You may wonder whether these methods still give us directions that consistently increase/decrease the objective function. If we do not insist on the maximum increase, any direction whose components have the same signs as the gradient vector is guaranteed to increase the function (for short enough steps). The reason is again given by the dot product $\nabla J \cdot v$. As long as these two vectors carry the same signs in the same components, the dot product, i.e. the rate of change along $v$, is guaranteed to be positive.

Minimize what? The final problem with gradient descent, other than not telling us the ideal step size or direction, is that it is not even minimizing the right objective! We want small error on never before seen test data, not just on the training data. The truth is, a sufficiently large model with a good optimization algorithm can get arbitrarily low error (down to the noise limit) on any finite training data (e.g. by just memorizing the answers). And it can typically do so in many different ways (typically many different local minima for training error in weight space exist). Some of those ways will generalize well to unseen data, some won't. And unseen data is (by definition) not seen, so how will we ever know which weight settings will do well on it?

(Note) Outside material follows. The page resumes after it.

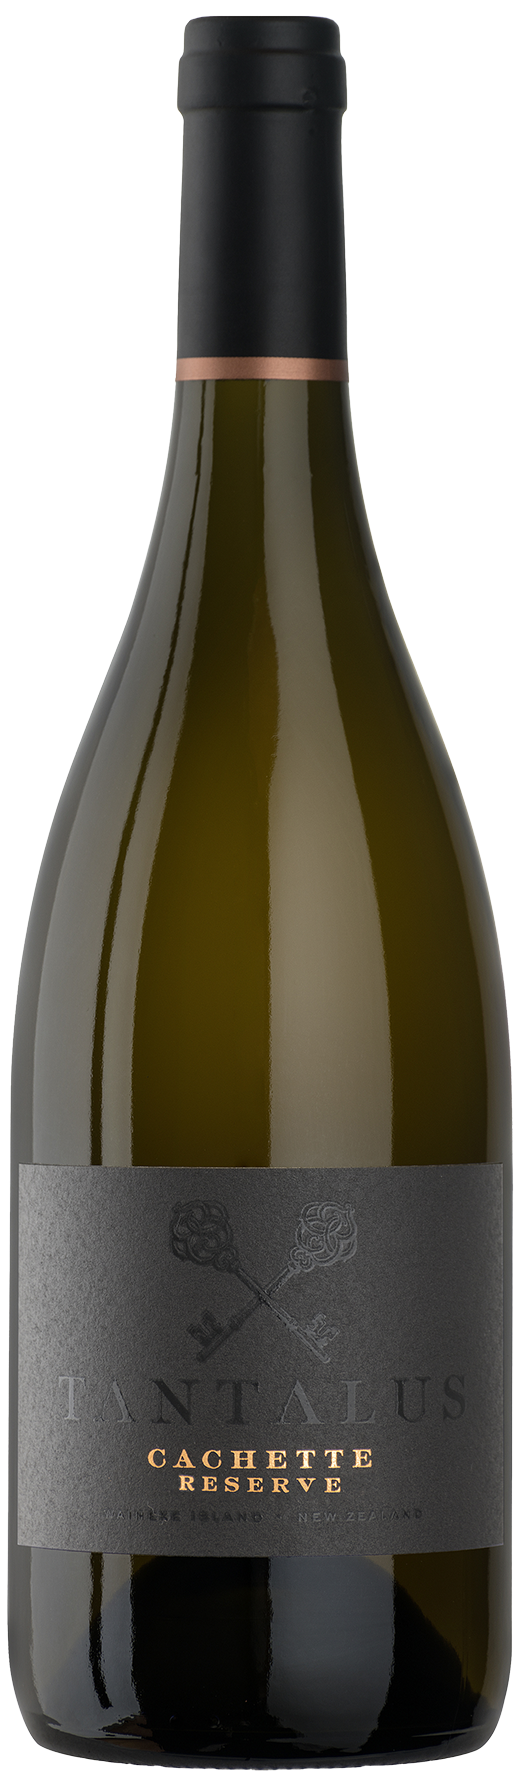 Tantalus 'Cachette' Reserve Chardonnay

There are at least three ways people deal with this problem: (1) Bayes tells us that we should use all possible models and weigh their answers by how well they do on training data (see Radford Neal's fbm), (2) New methods like dropout that add distortions and noise to inputs, activations, or weights during training seem to help generalization, (3) Pressuring the optimization to stay in one corner of the weight space (e.g. L1, L2, maxnorm regularization) helps generalization.

References

Notes

Supervised learning is also known as regression if the outputs are numeric and classification if they are discrete.
Linear regression is a regression model with a linear prediction function. Linear regression with a scalar input and output is called simple linear regression, if the input is a vector we have multiple linear regression, and if the output is a vector we have multivariate linear regression.